イランカラプテ!ASKです。

(アイヌ語の挨拶です。)
 
毎年この時期に粛々と行っているシマフクロウの巣箱かけですが、先日の巣箱かけはいつもとちょっと違った雰囲気に包まれていました。
 
その理由は…
 
アイヌの長老による「カムイノミ」。
 
先日とある地で行った巣箱かけは、カムイ(神)ノミ(に祈る)、つまり神に祈りを捧げる儀式から始まったのでした。
 
巣箱をかける予定の木に到着したら、まず簡易的な祭壇の様なもの(ヌササンと言うそうです)が作られました。
 
そこにはイナウと呼ばれる、木を削って作られた祭具が立てられています。
 
 
そして、おもむろに長老と男性がヌササンの前に向い合わせで座り、火を焚きはじめました。
 
火のカムイは様々なカムイの中でも重要なカムイなのだそうです。
 
トゥキと呼ばれる椀にお酒を注ぎ、イクパスイと呼ばれる木のヘラの様な祭具の先に酒を浸して、その滴を火や大地の神に供えます。
 

そして、長老がアイヌの言葉で祈りを捧げます。
 
「イレスカムイ モシリコルチ チランケピト オリパクトラ ネワネコロカ………コタンコロカムイ……アシリチセ…」
 
(人間を育てる神、国土を司る神、火の神様、遠慮と共にではありますが………シマフクロウ……新しい家…)
 
私には何を言っているのかさっぱりでしたが、撮った動画を見返して聞き取れたものを断片的にググってみました!グーグル先生ありがとー。
 
はい、そこ!
断片的過ぎる~とか言わない!
 
頑張ったぞ、私。
そして、重要な部分はおさえているでしょ。

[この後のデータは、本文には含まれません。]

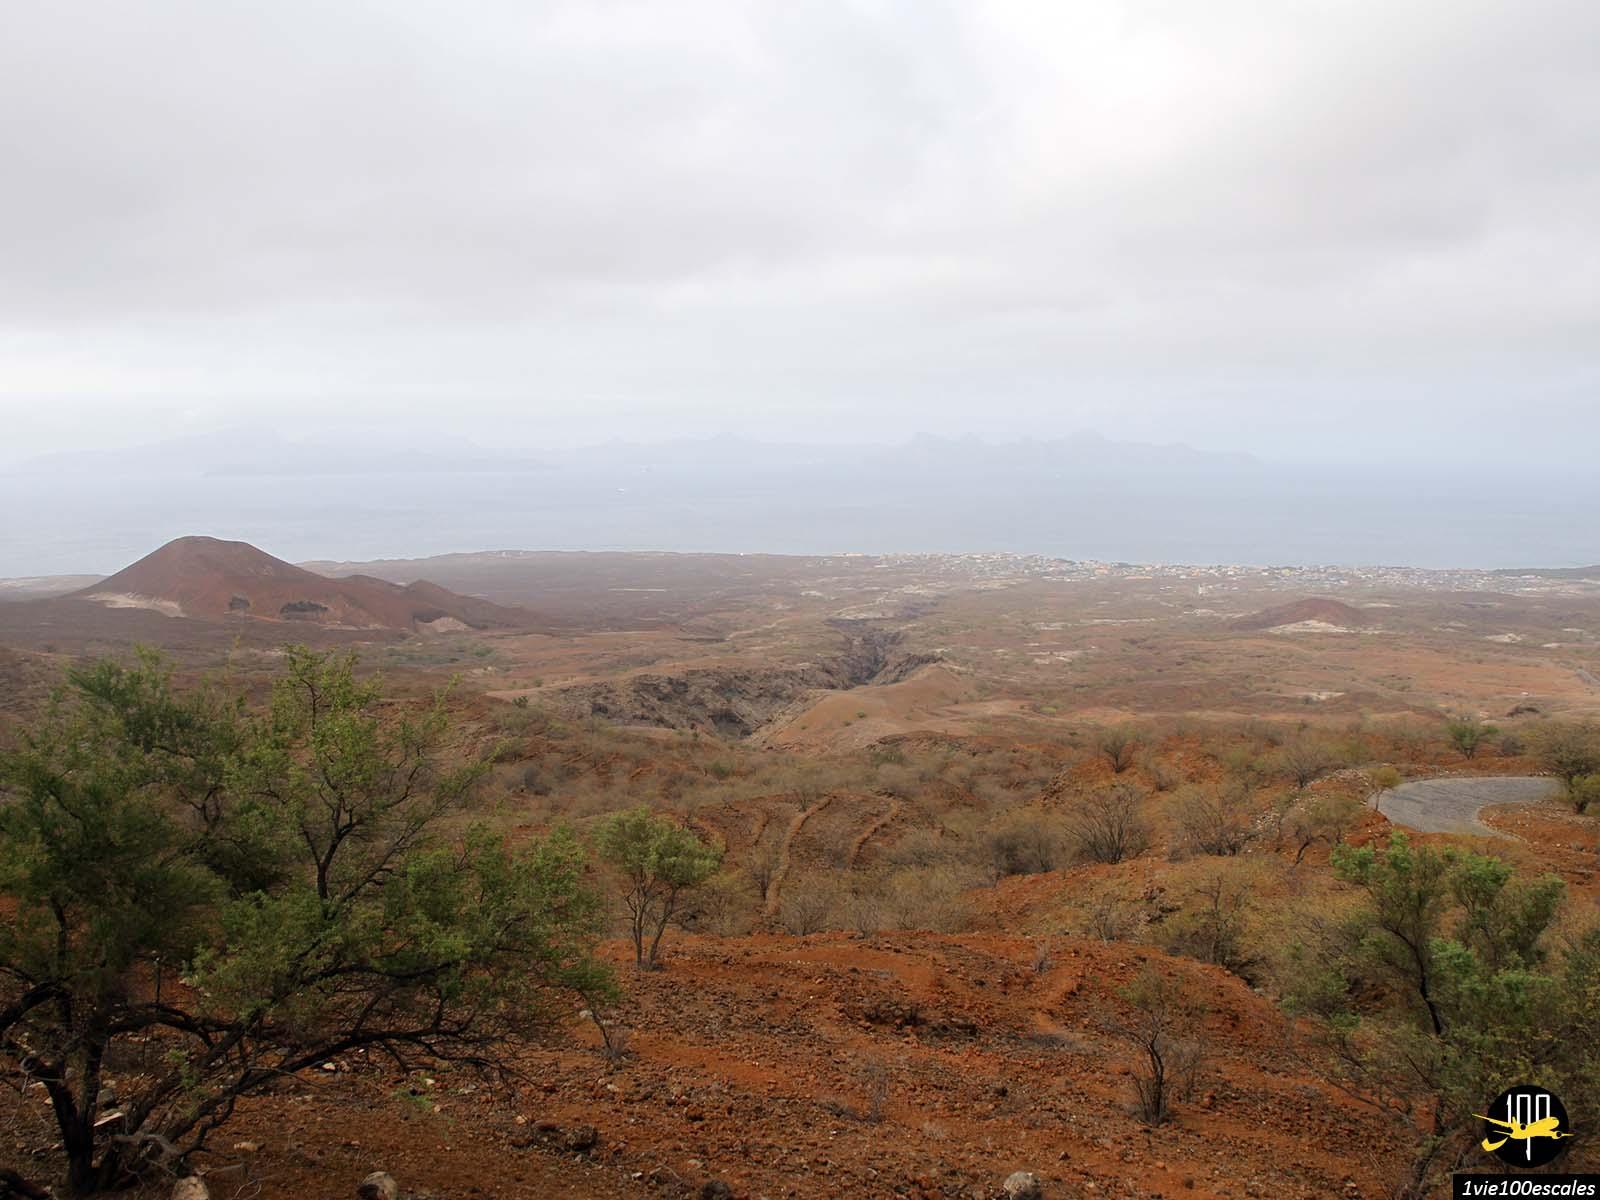 La vue presque desertique de l'ile de Santo Antao au Cap Vert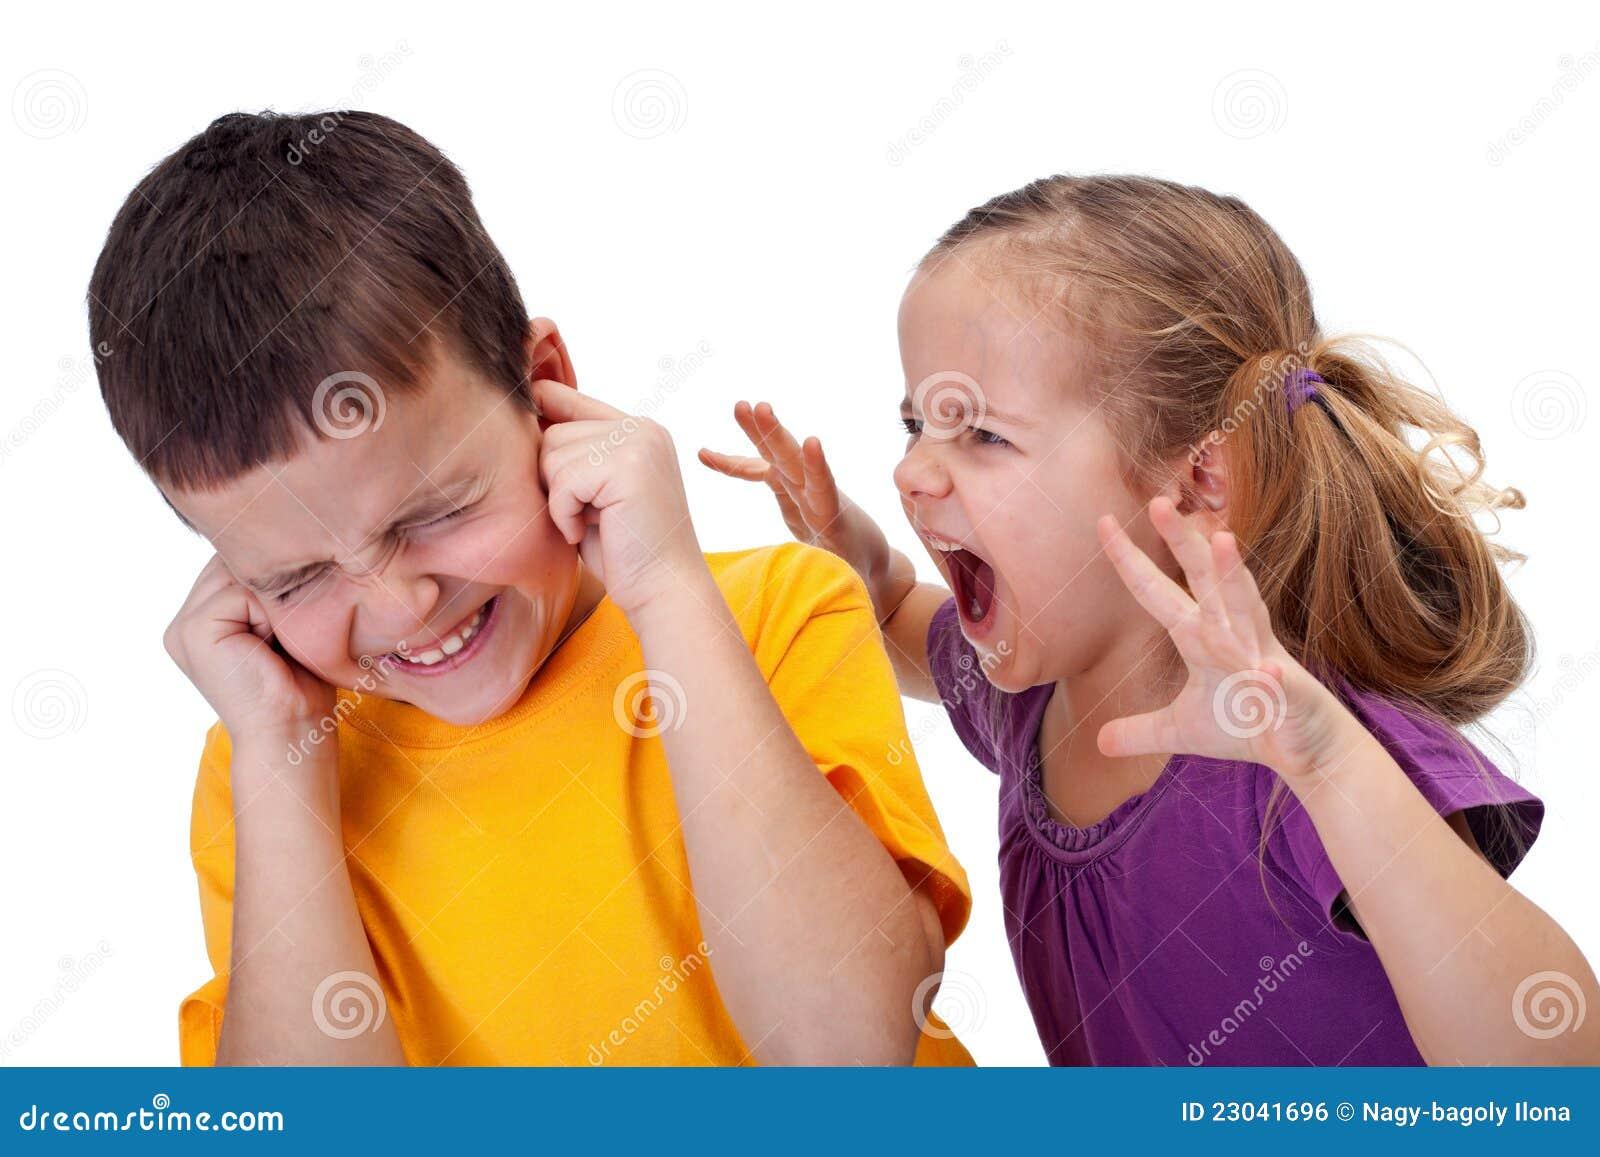 De ruzie van jonge geitjes meisje dat in woede schreeuwt royalty vrije stock afbeelding - Foto tiener ruimte meisje ...

良しとして!
 
さてさて、カムイノミはまだまだ続きます。
 
今度は参列者にトゥキとイクパスイが渡されて、皆もカムイにお酒を供えます。
 
ハカセとASKも見よう見まねでしっかりと祈ってきましたよ。
 

最後はイナウのひとつを火に捧げてカムイノミは終了しました。
 
これで準備万端、張り切って巣箱かけに着手です。
 
カムイノミをしてくださった長老も、作業を最前線で手伝ってくれました。感謝。
 
今回の木は良い位置に枝が無く、巣箱を枝に乗せられなかったので、ちょっと難易度の高い巣箱かけでした。
 
しかし、おかげさまで事故もなくしっかりとかけることができました!
 

今回の様に、アイヌの方に祈りを捧げてもらって巣箱を設置するのは初めてでしたが、アイヌにとってのカムイってすごく身近な存在なんだなと感じました。多分皆がいつもすがっている神様とはニュアンスがちょっと違う様な。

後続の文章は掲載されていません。